Work instructions:
Return exactly, with nothing added, the lines from the one that contains "Shelly Brawl Stars Wallpapers" through the end of the listing below, pictures excluded.
[Information provided — start]
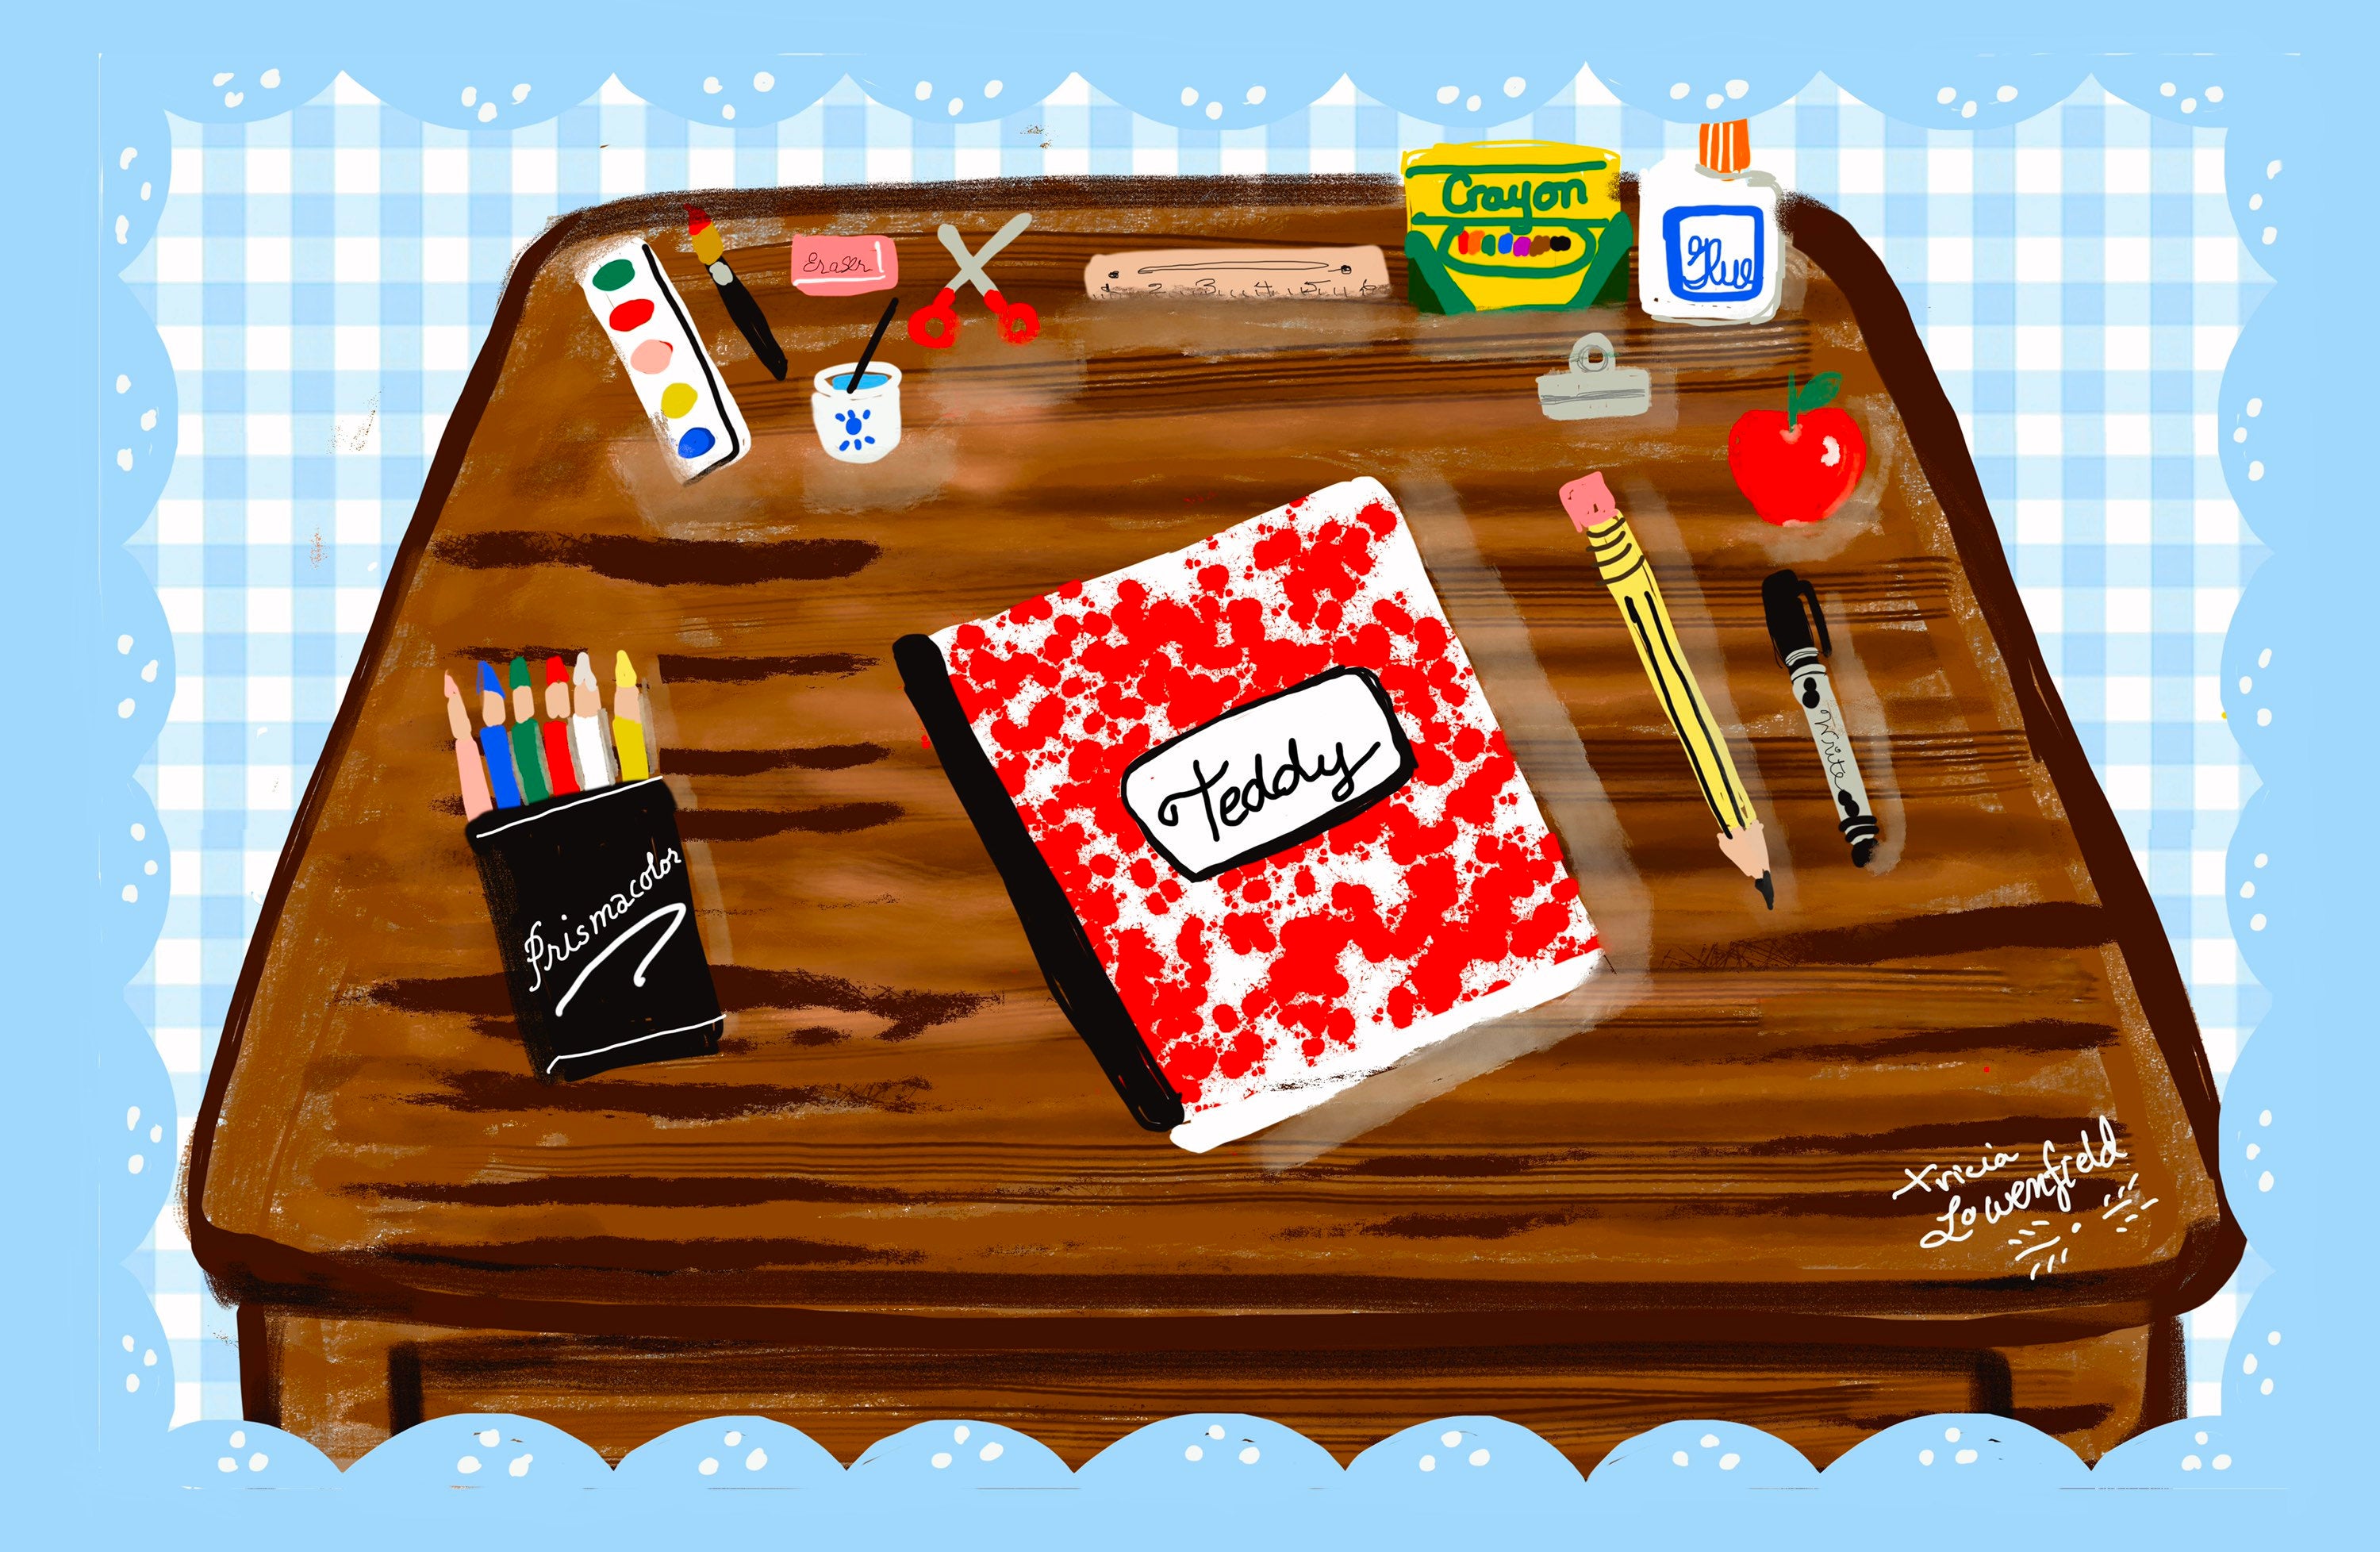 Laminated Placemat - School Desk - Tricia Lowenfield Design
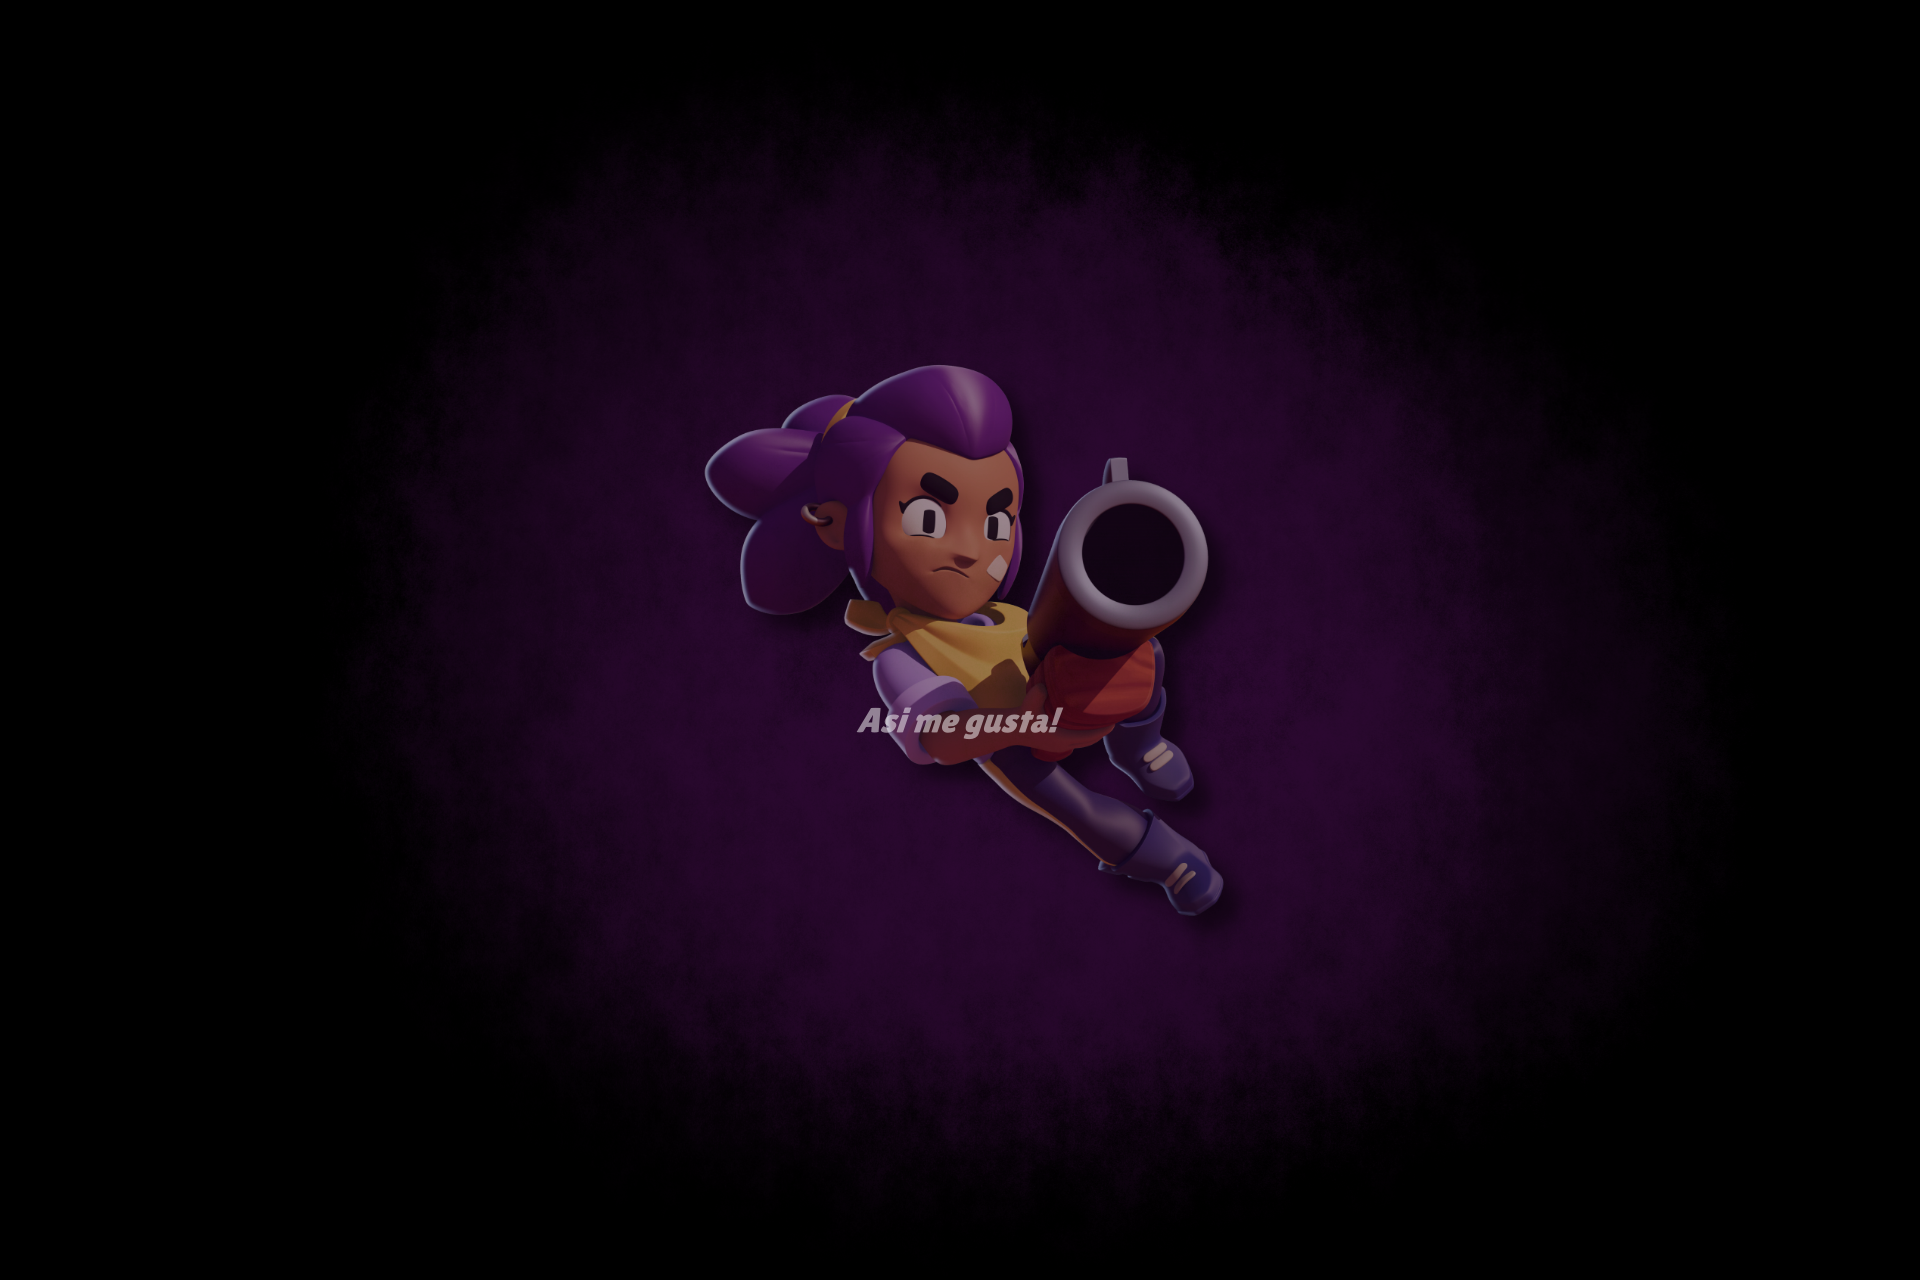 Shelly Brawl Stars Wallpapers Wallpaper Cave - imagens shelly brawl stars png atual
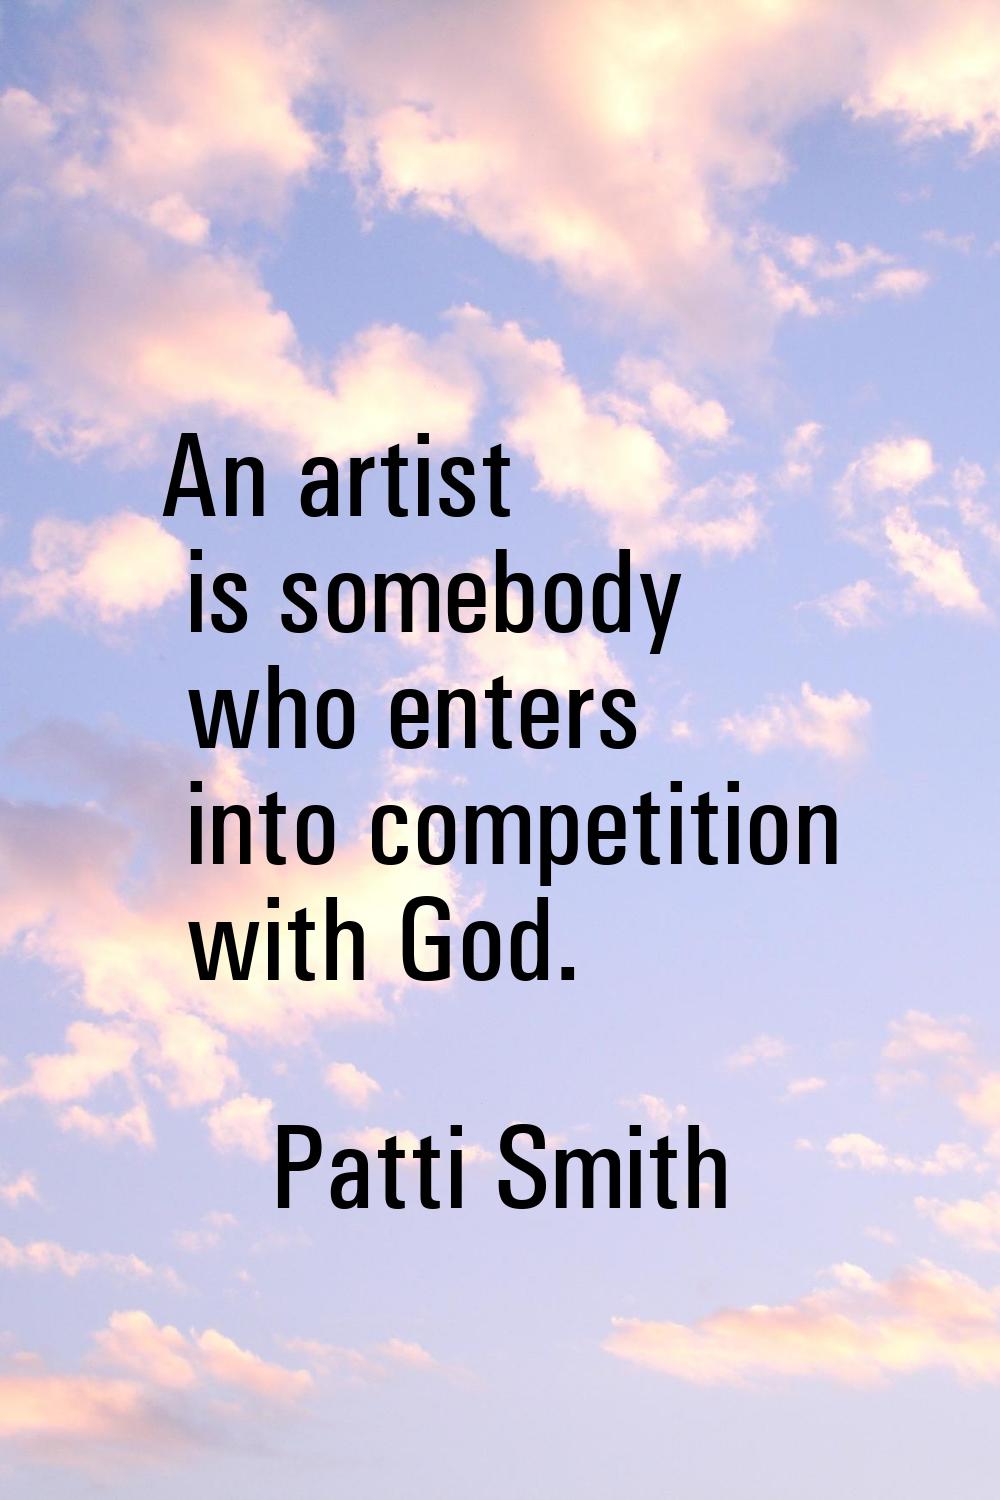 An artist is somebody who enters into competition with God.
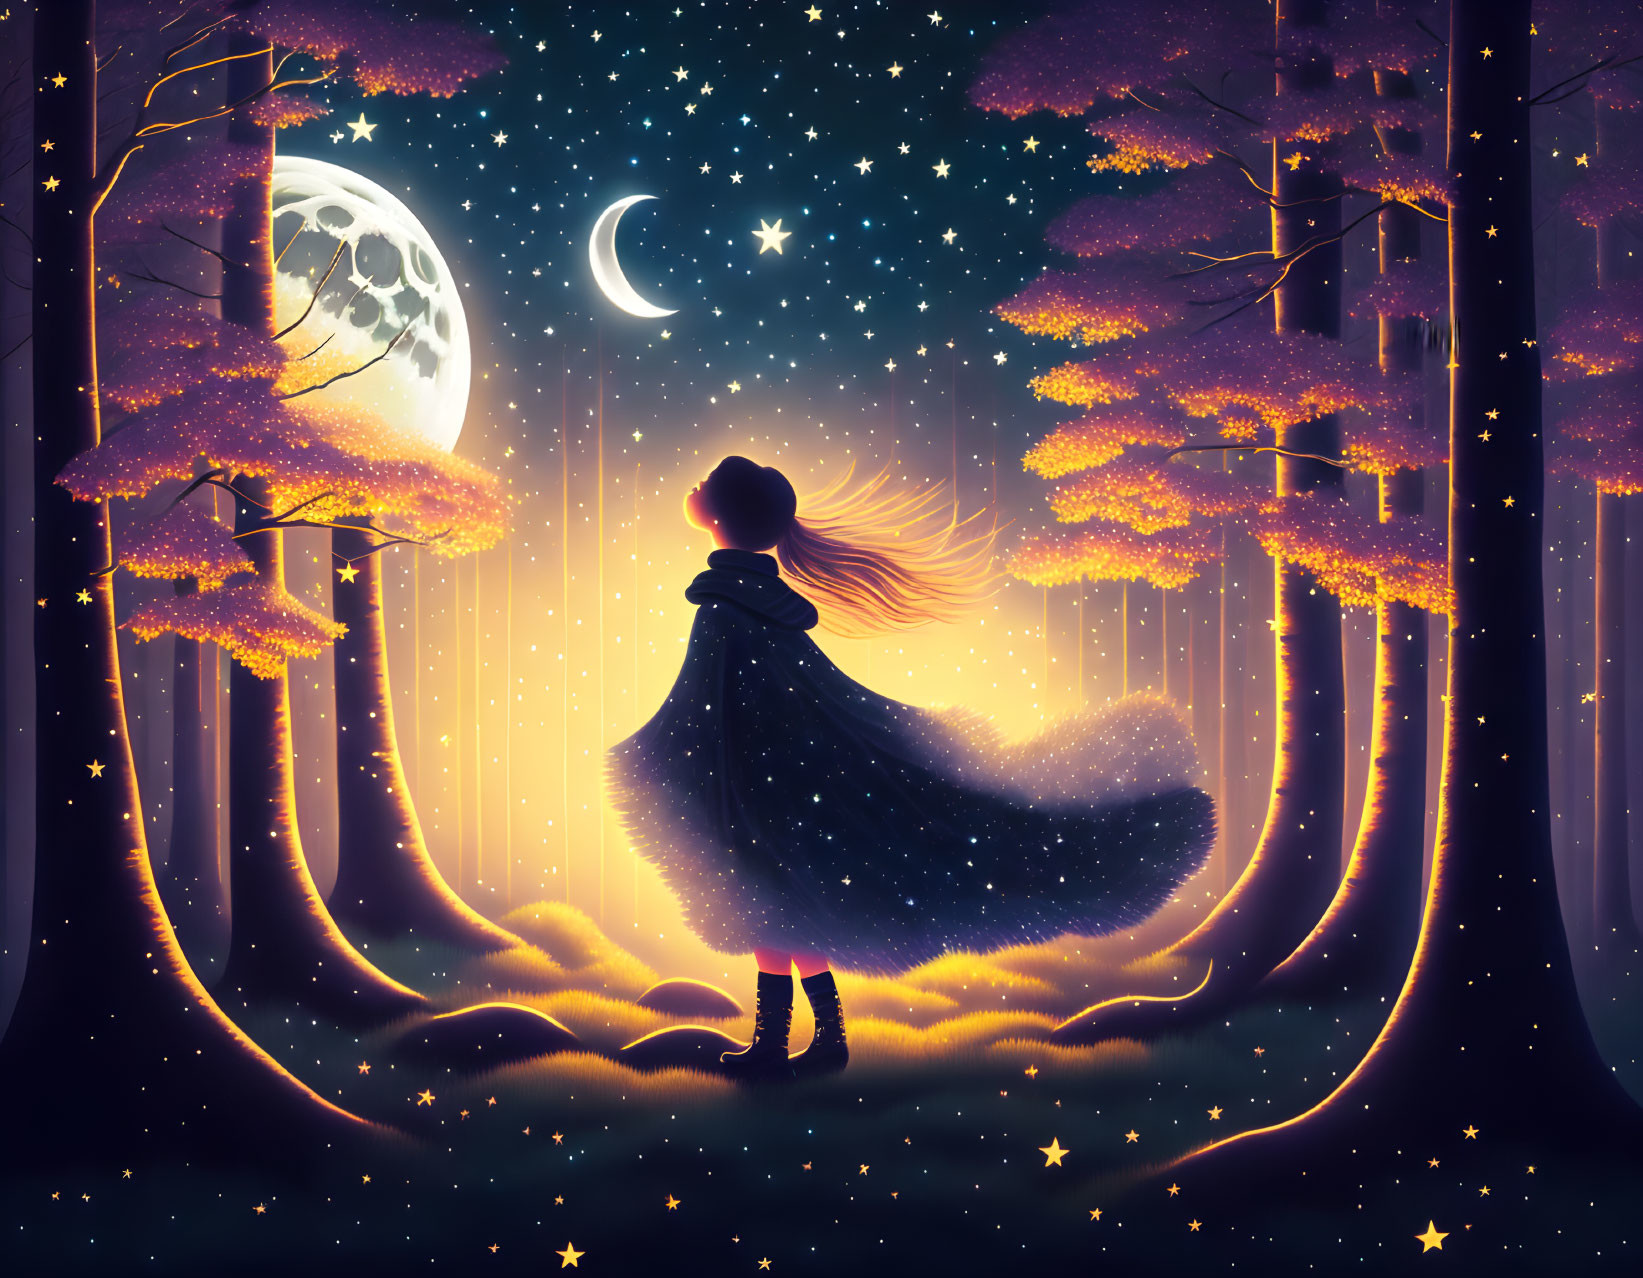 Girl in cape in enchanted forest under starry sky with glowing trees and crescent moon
[Information provided — finish]
Solution to this exercise:
 Shelly Brawl Stars Wallpapers Wallpaper Cave - imagens shelly brawl stars png atual
 An artist is somebody who enters into competition with God.
 Girl in cape in enchanted forest under starry sky with glowing trees and crescent moon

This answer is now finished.